TASK GOAL:
Skip every image and restate the data word for word.

[Opening DATA SHOWN section]

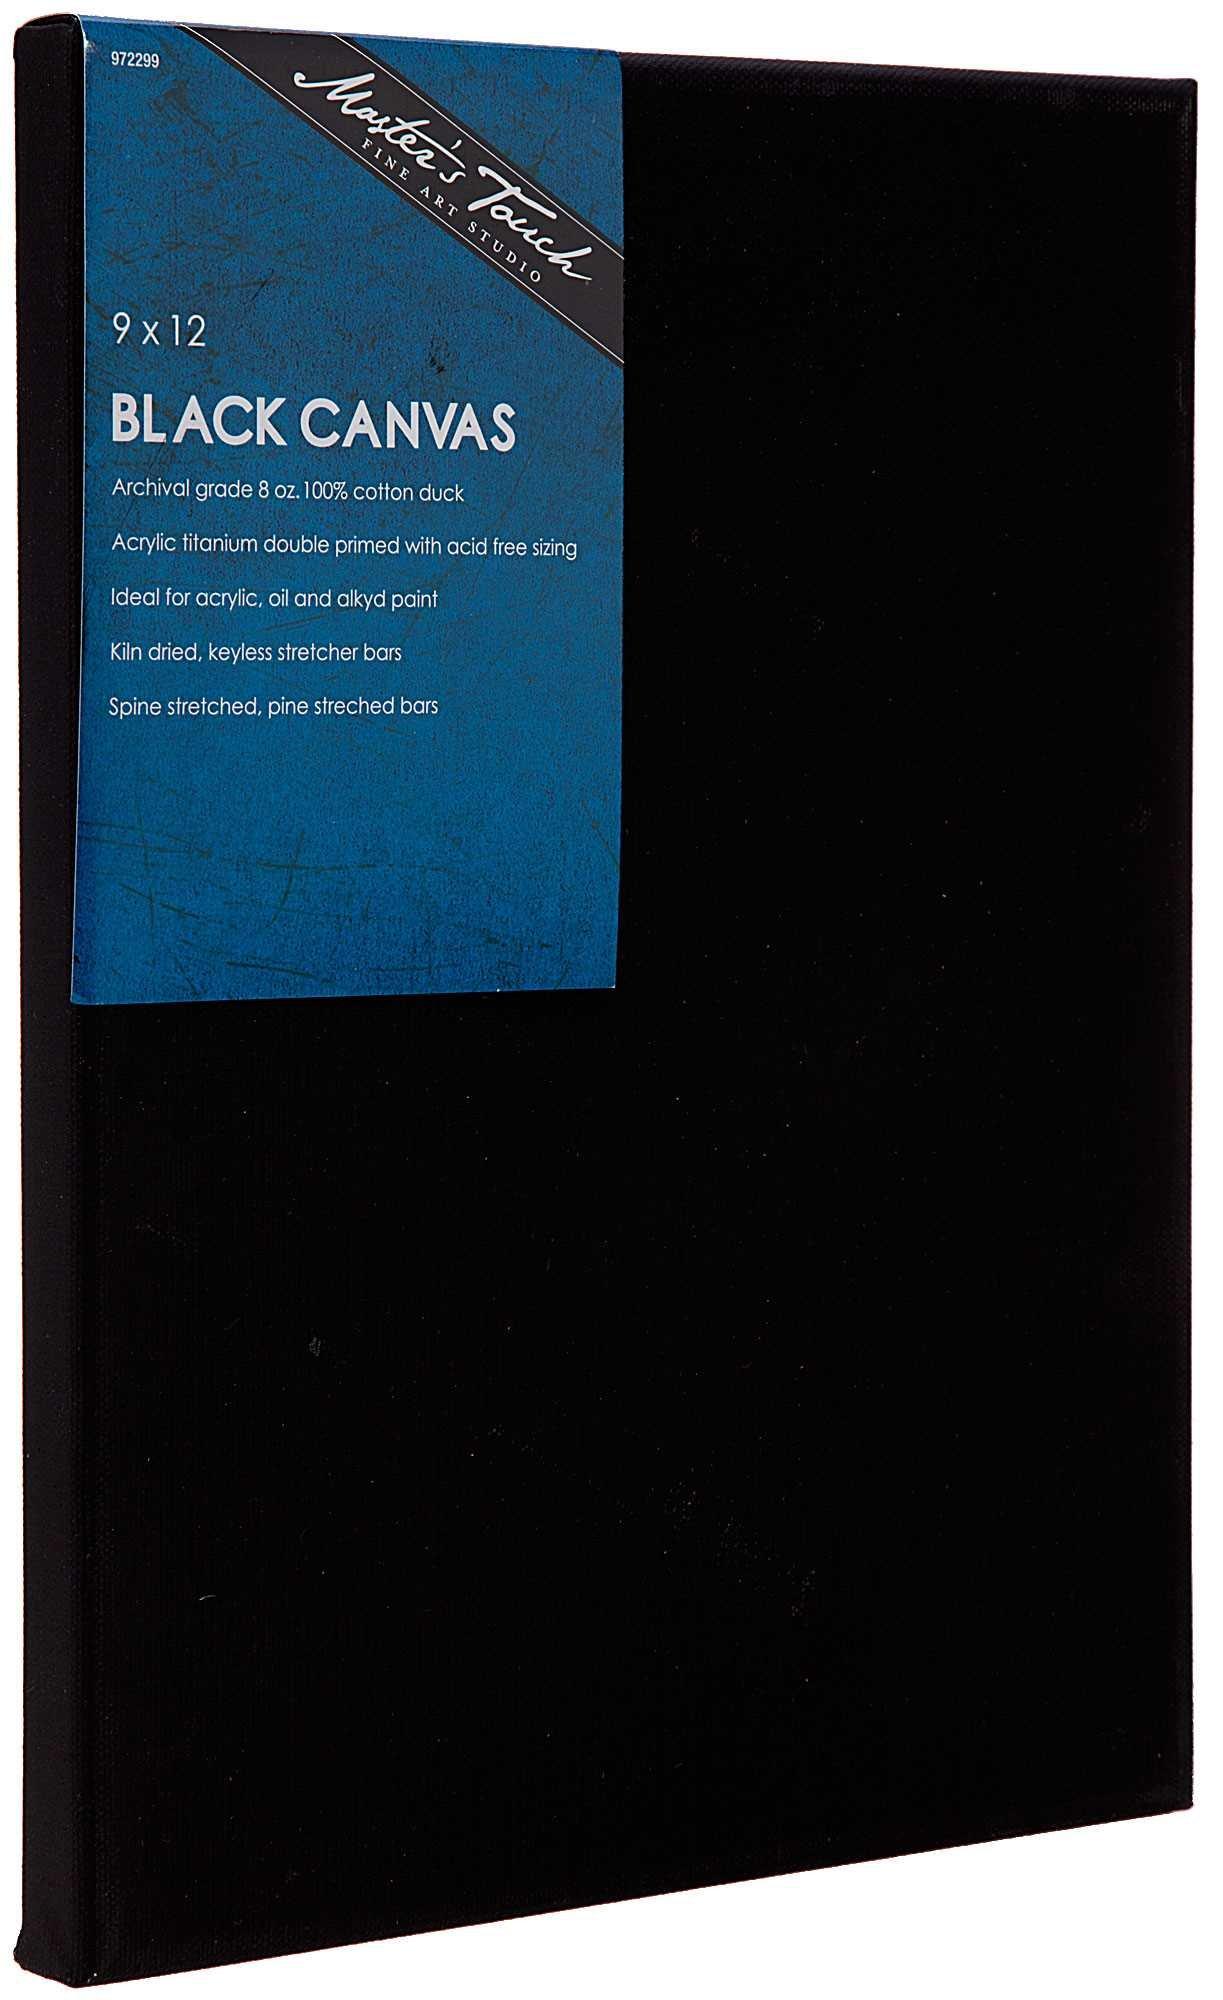 Black Primed Canvas - 8 oz - Triple Primed - Ready to Paint
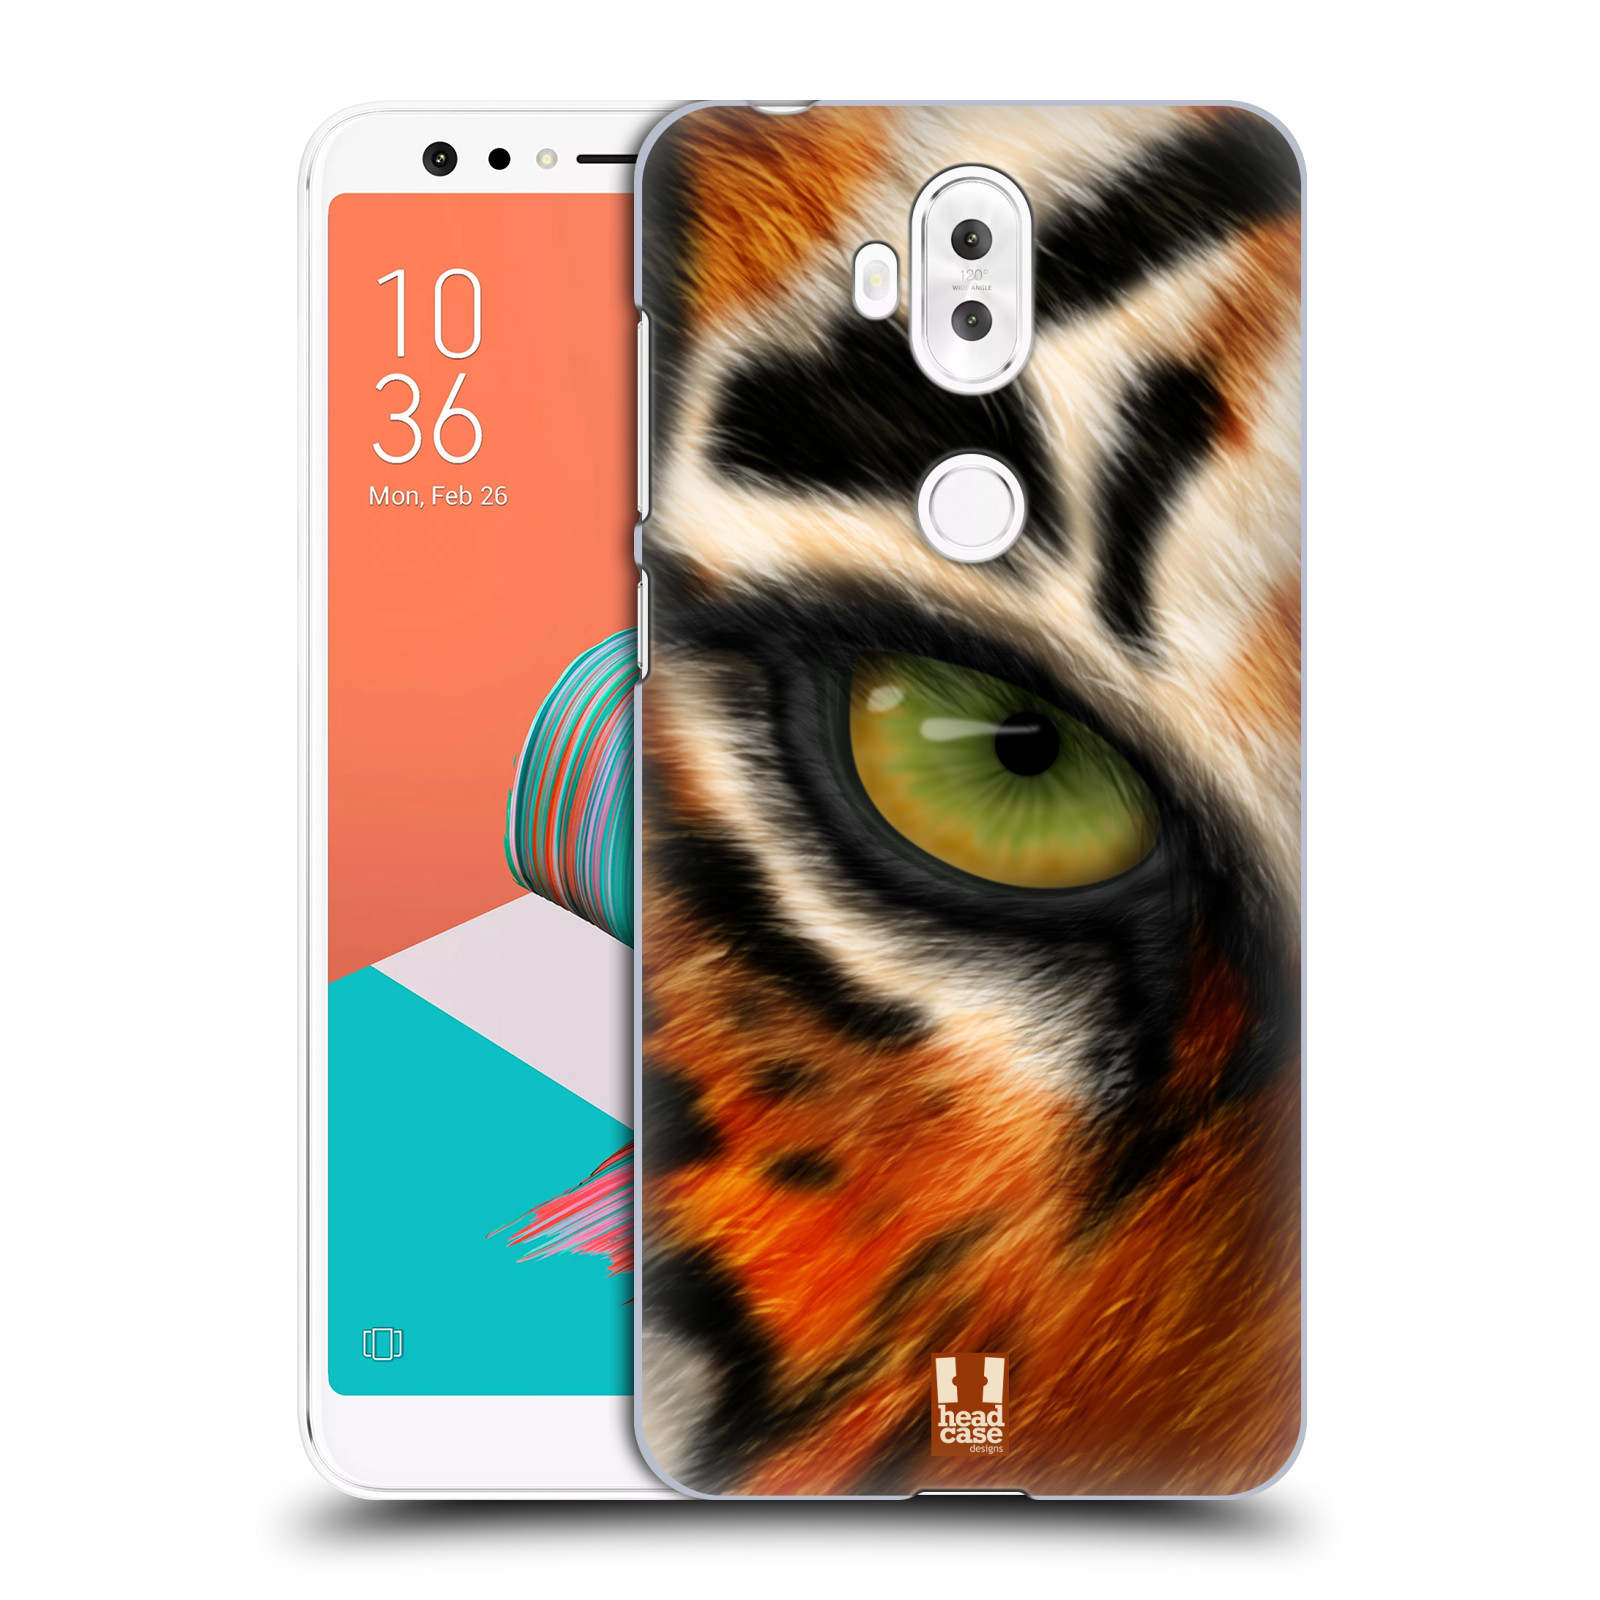 HEAD CASE plastový obal na mobil Asus Zenfone 5 LITE ZC600KL vzor pohled zvířete oko tygr
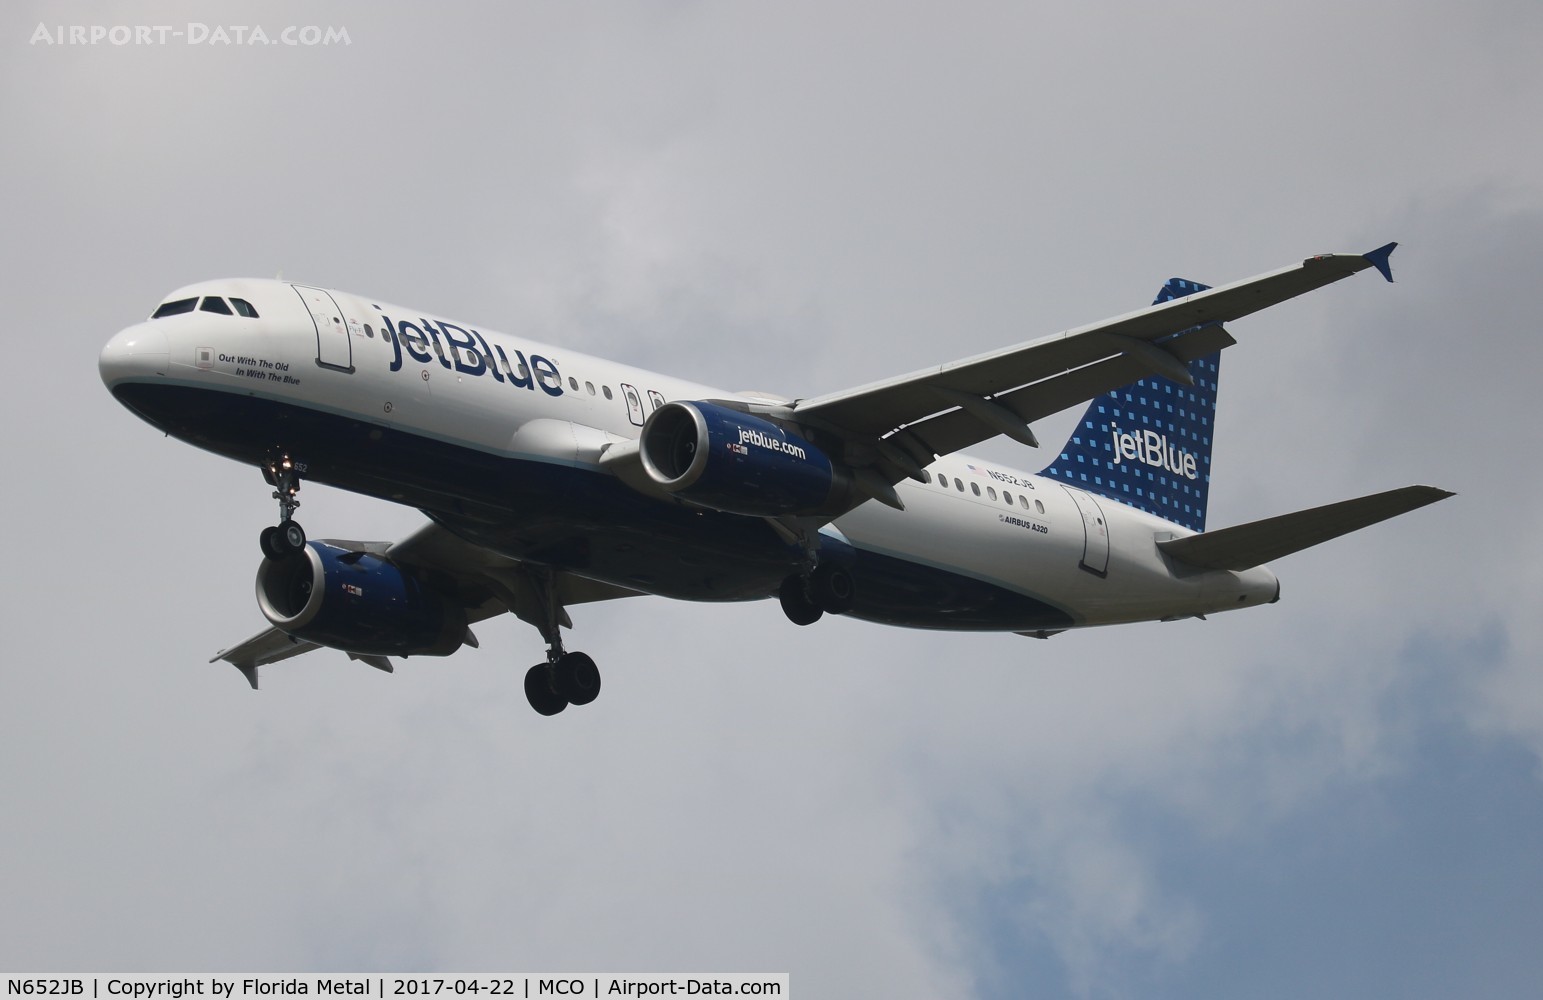 N652JB, 2007 Airbus A320-232 C/N 3029, Jet Blue
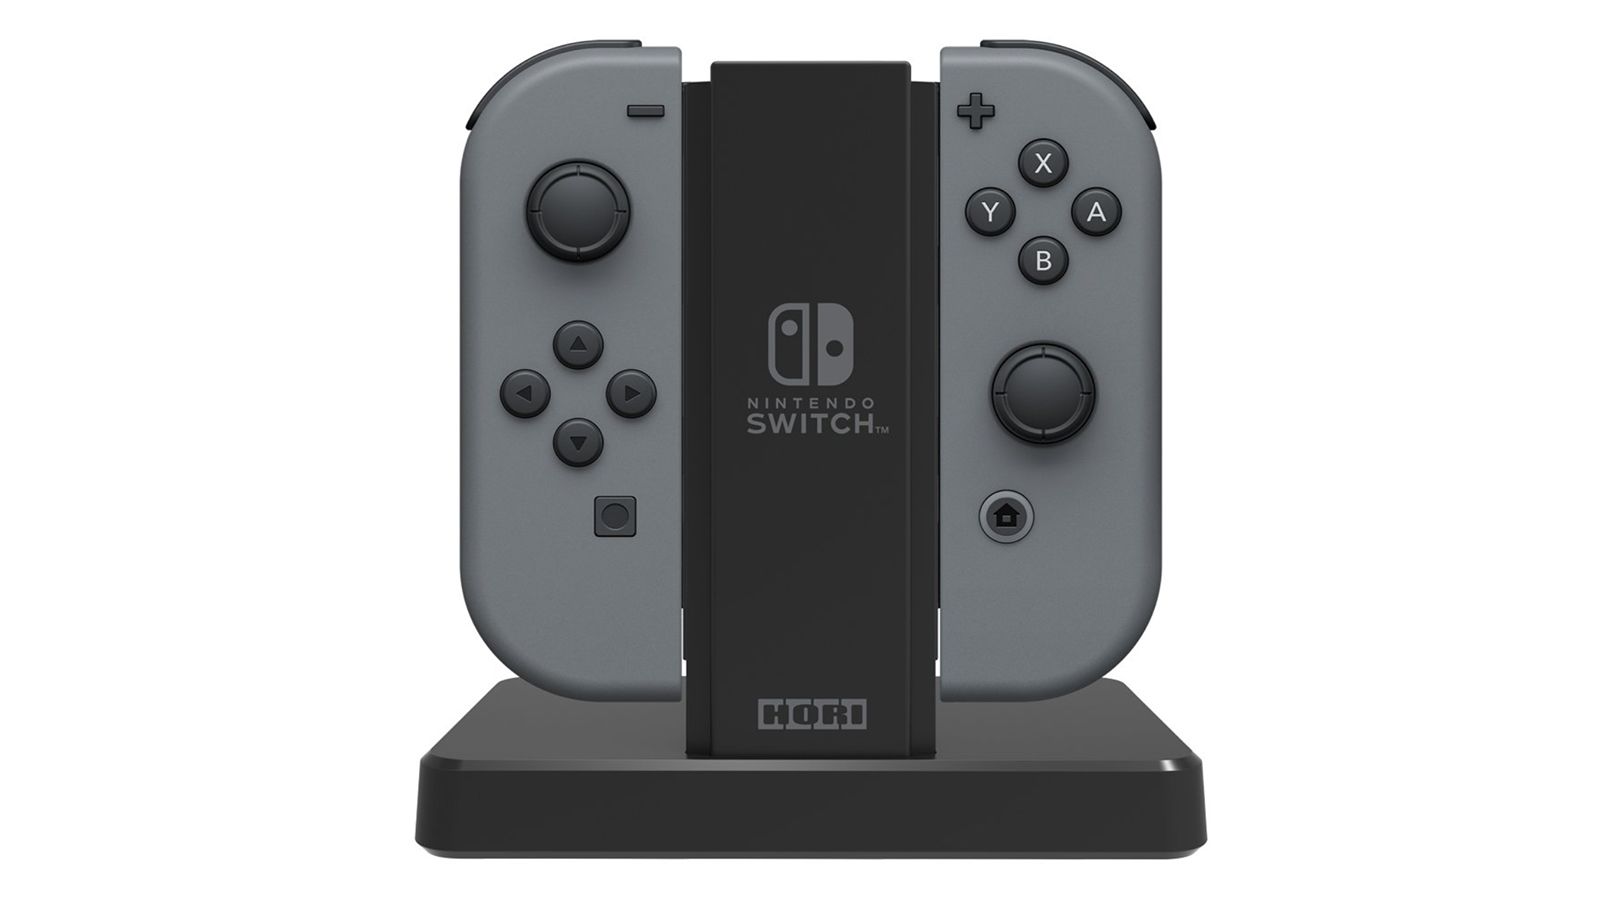 Nintendo Switch OLED Dock (with LAN Port) - White (Dock ONLY, Bulk

[Closing DATA SHOWN section]

SOLUTION TO THE EXERCISE:
 Black Primed Canvas - 8 oz - Triple Primed - Ready to Paint
 HEAD CASE plastový obal na mobil Asus Zenfone 5 LITE ZC600KL vzor pohled zvířete oko tygr
 N652JB, 2007 Airbus A320-232 C/N 3029, Jet Blue
 Nintendo Switch OLED Dock (with LAN Port) - White (Dock ONLY, Bulk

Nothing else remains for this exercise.